Although it is known by the industry that, for an efficient displacement, the displacing fluid must have higher viscosity and density than the displaced fluid, the theoretical work could still be improved to provide insight into potential challenges of a work for an optimized design of fluids prior to the cementing job. Moreover, there might exist cases where the density and viscosity hierarchies cannot be held for the nature of the work, such as in the case of foam cement, where the density of cement can happen to be lower than the drilling fluids. An instability analysis of the fluids’ interface, high-speed-computing, analytical or numerical methods can assist a better understanding of the dynamics of the flow in any particular case.

It appears that various works have not reached a solid agreement about the effectiveness of a displacement flow run in turbulent regime. In general, it seems that for the cement placement, laminar flows can have a better performance, as the observations show that running the flow in turbulent did not improve the displacement and, in some cases, it even deteriorated it. Running in turbulent, however, can agitate the flow and, in the case of elongated interfaces or mud layers/pockets left on the walls and within narrow annular gaps, can help the removal of the trapped displaced fluid by disturbing the interface.
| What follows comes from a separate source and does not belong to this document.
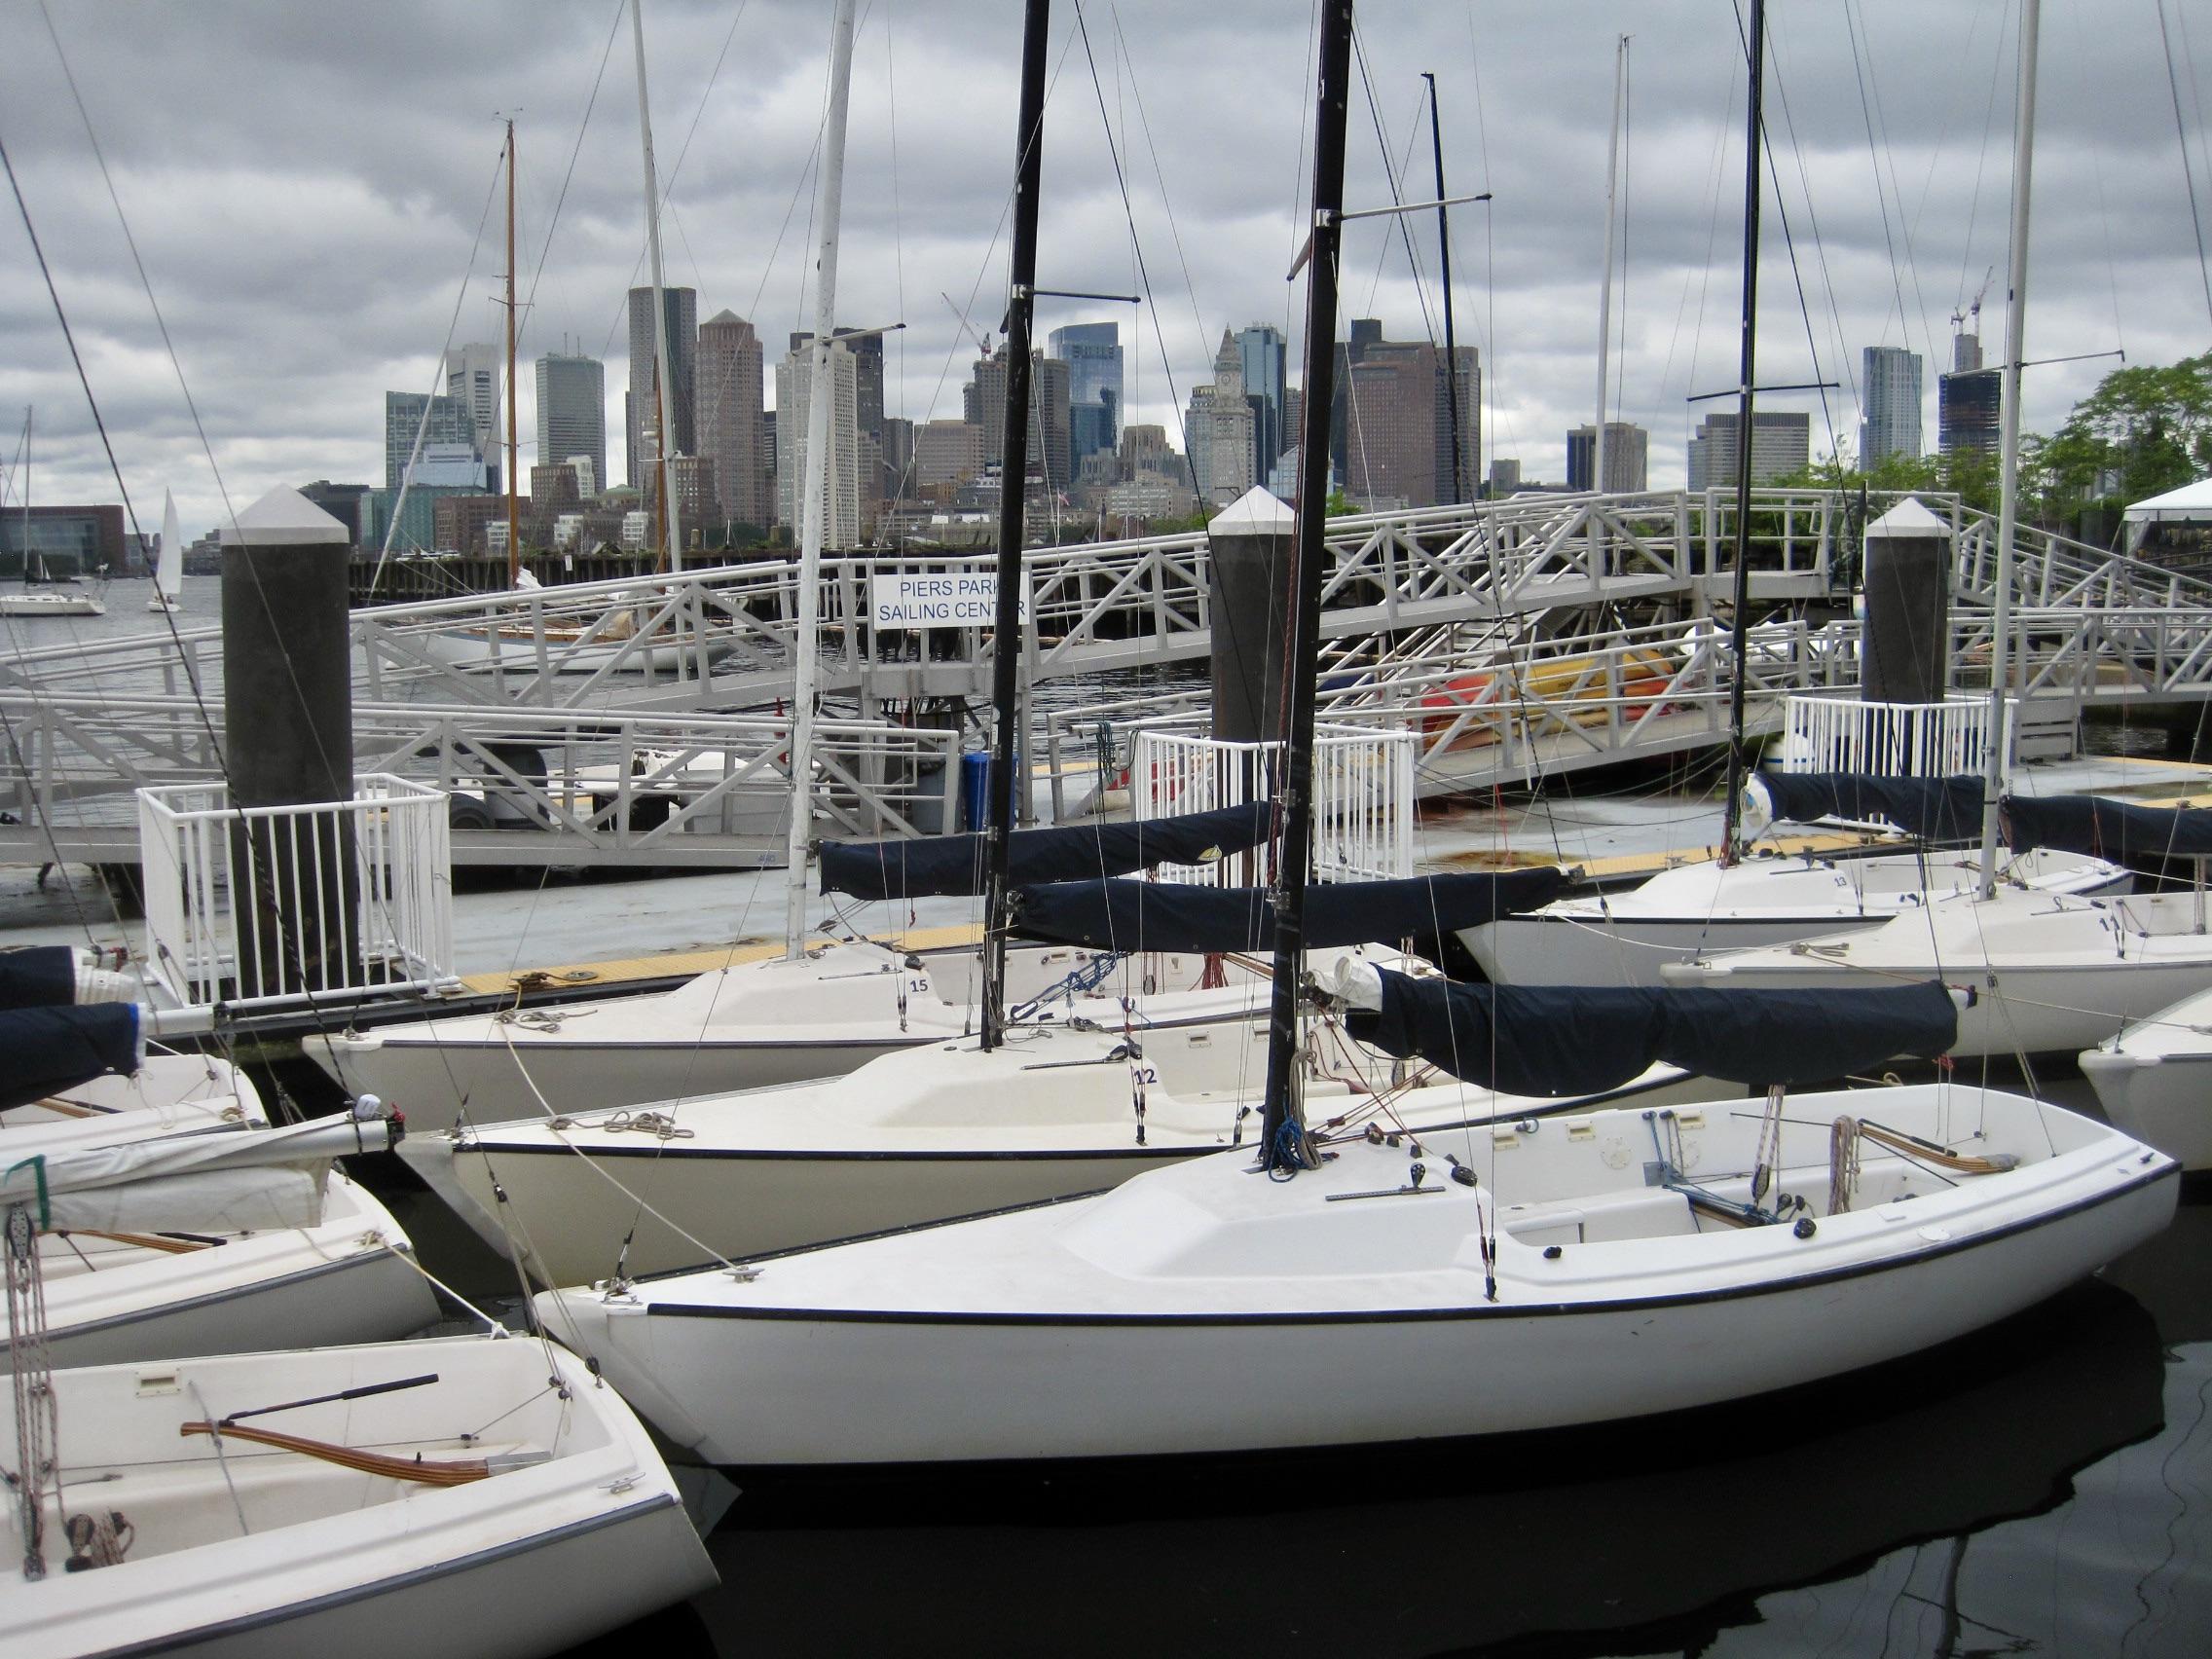 Piers Park Sailing Center on Jeffries Point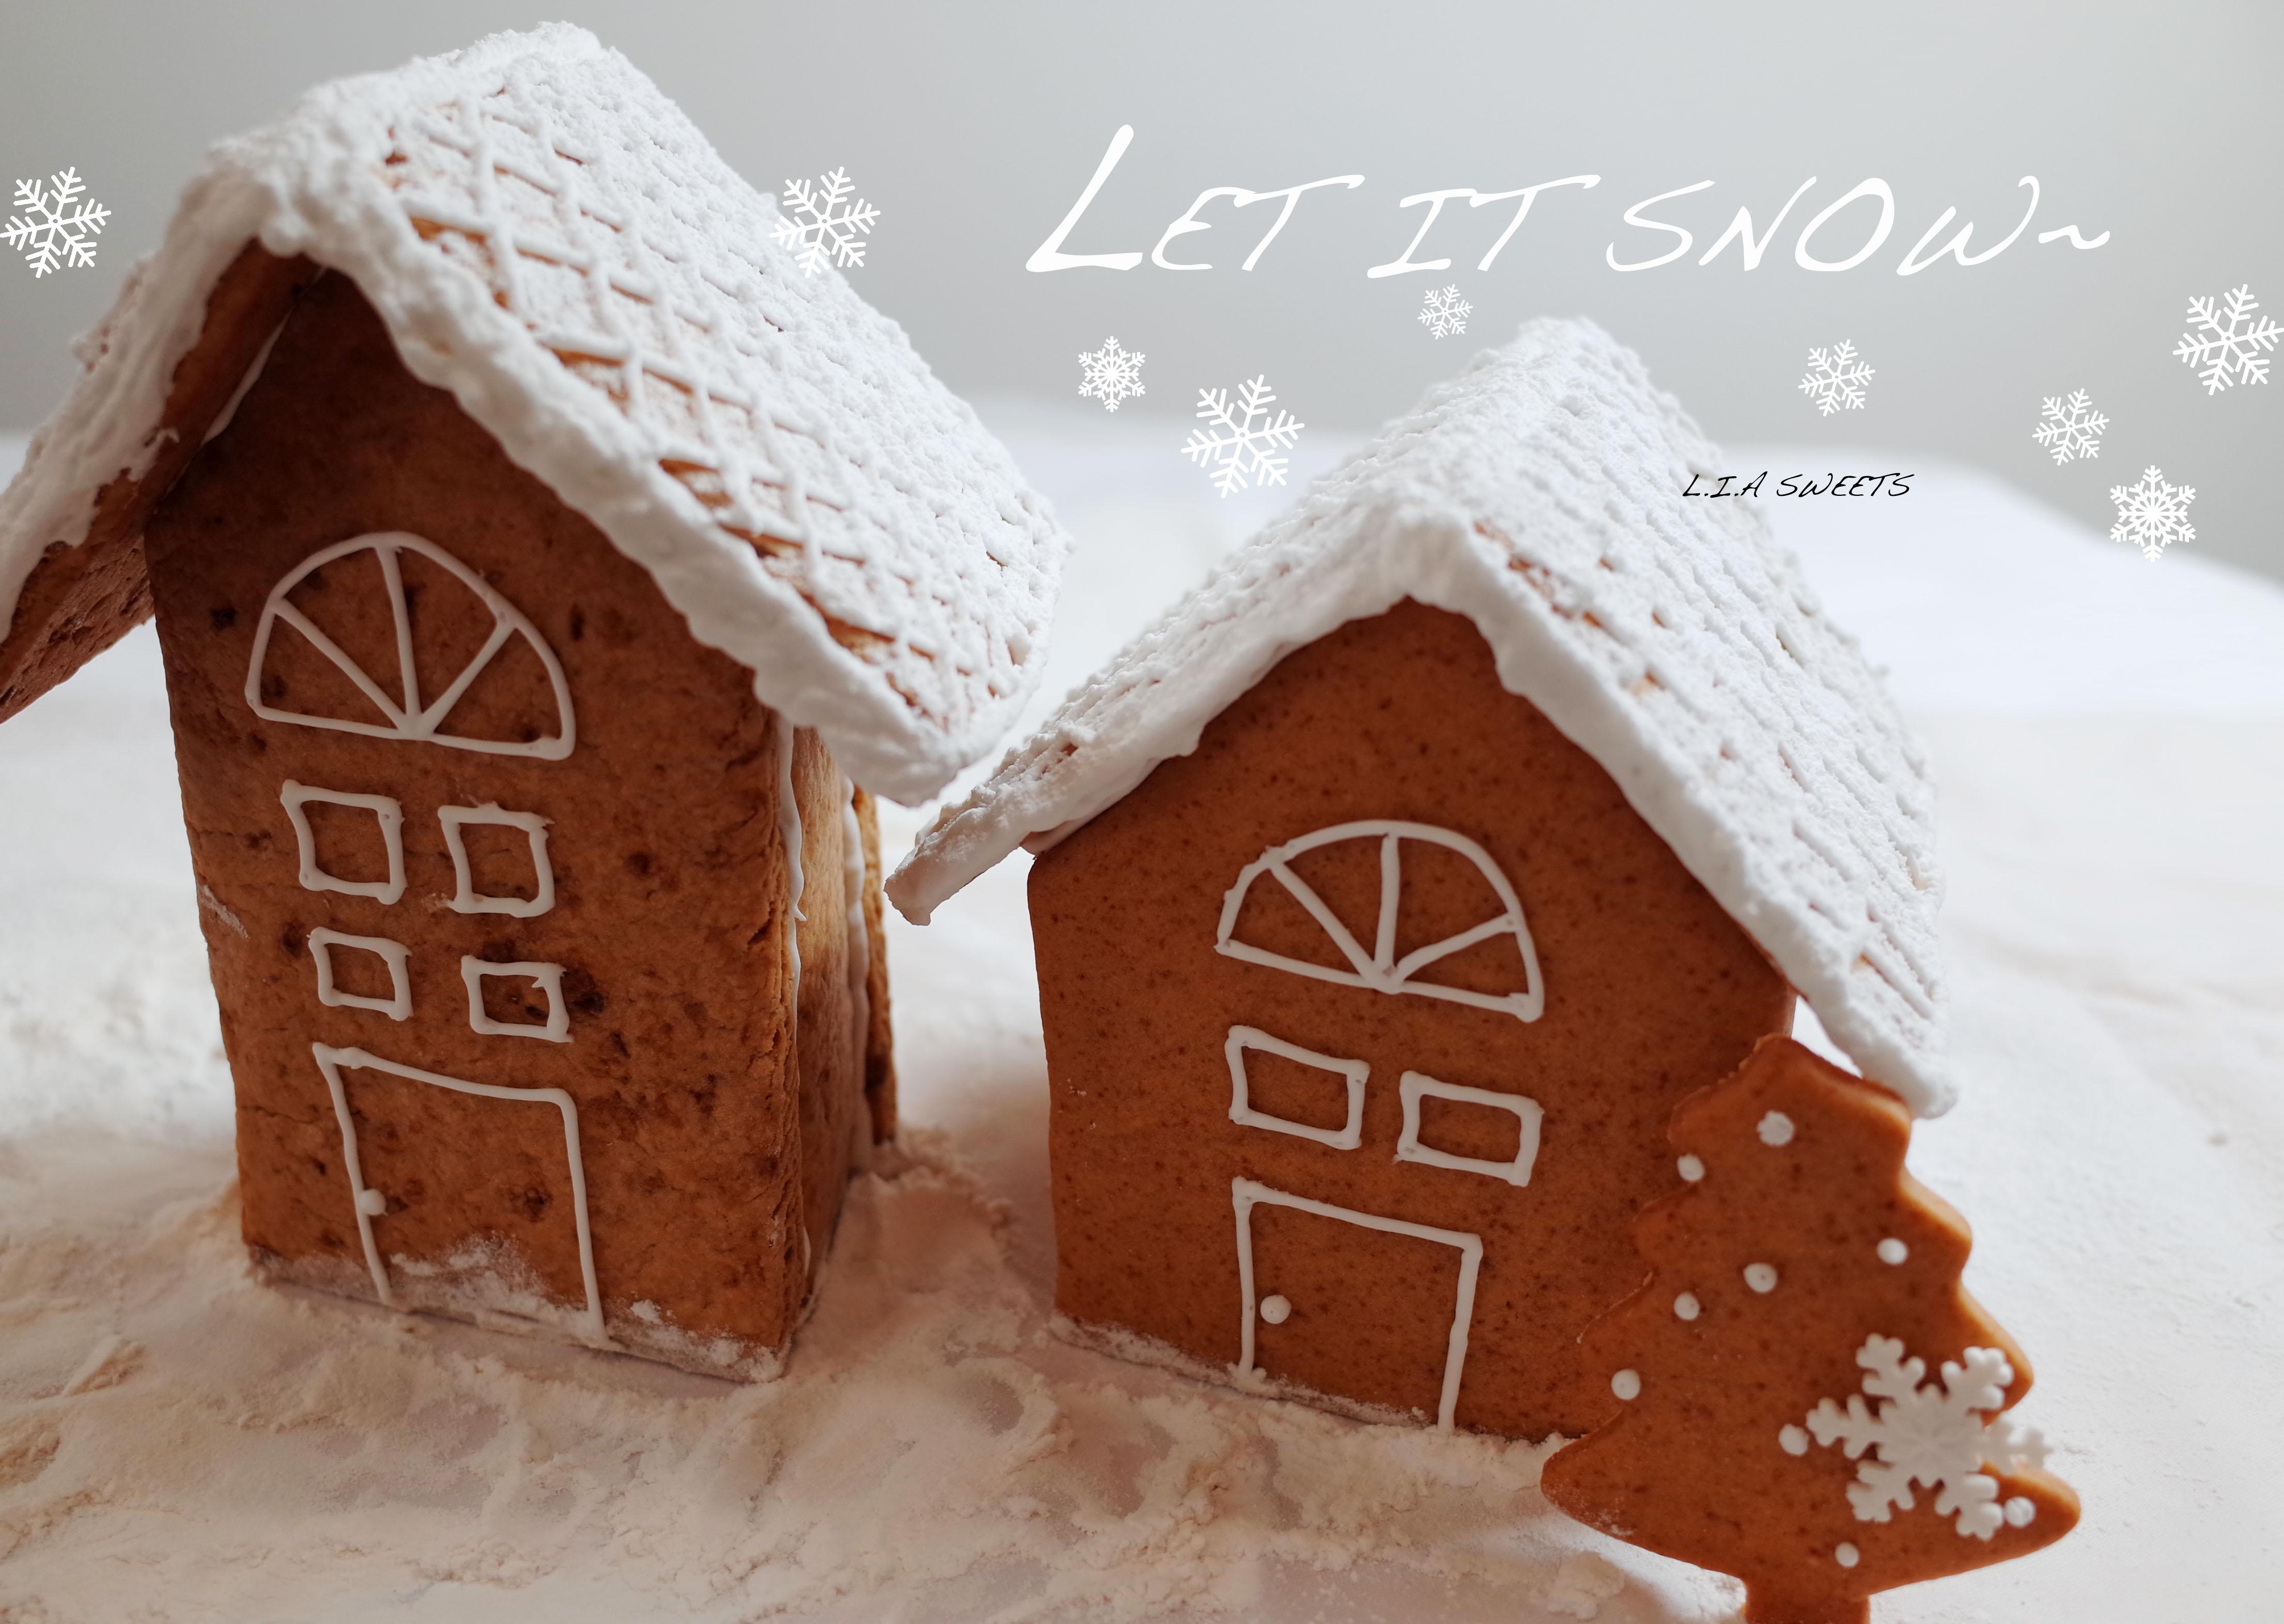 Merry Christmas薑餅屋

The mechanism, in such a case, is that the displaced fluid is radially and azimuthally replaced by the displacing fluid, rather than being axially displaced, and, consequently, this process is normally accompanied with a great deal of inter-fluid mixing. Thus, running the flow in turbulent can greatly help the process of mud removal, such as in the case of a wash fluid pumped in the annulus before the cement slurry, used to minimize the chances of mud layers/channels left in the annulus, before the cement placement. For the cement placement, however, it seems that it can increase the possibility of mixing and contamination. With that in mind, it seems that when it concerns turbulent flows, as can be expected, there are several physical unknowns involved in the process and in a general case, it is not readily possible to predict whether the turbulence will enhance the displacement process or not. Therefore, more research on the dynamics of the displacement and mud removal in turbulent flow regime can be beneficial.

The eccentricity is proven to have adverse effects on the displacement efficiency, as it can hinder the displacement within the narrow regions. In the buoyancy-dominant inclined cases, however, it can appear to have different effects, as certain eccentricities can help to prevent an elongated interface due to the gravity effects. Further research in this area can provide more clarity on the effect of eccentricity in such cases. Moreover, rotating the inner pipe can enhance the displacement, by increasing the mobility of the fluid trapped in the narrow annular gaps. An in-depth understanding of the role of pipe movement (rotation or reciprocation) at different speeds and under different flow conditions, perhaps, requires more studies to be conducted.

The theoretical modelling of fluid displacement has proven to be challenging; an ideal model would be expected to be comprehensive to consider the complexity of the problem in all aspects, to provide the most accurate and realistic predictions, as well as being practical and easy to use with minimal computational time. The analytical models developed under certain assumptions and simplifications, although they might not require much computational time, probably fail to capture the flow dynamics in challenging cases and around the interface. On the other hand, three-dimensional numerical models, although expected to provide more detailed displacement flow solutions, are normally followed by high computational costs. For example, as the experiments mostly fail to reproduce similar length to annular gap ratios to the ones of real field conditions and, also, knowing that three-dimensional numerical methods require a noticeably long computational time to simulate the displacement in real length, analytical or semi-analytical methods appear to have become more favorable. Moreover, as discussed, there are still research gaps that the theoretical work needs to improve on.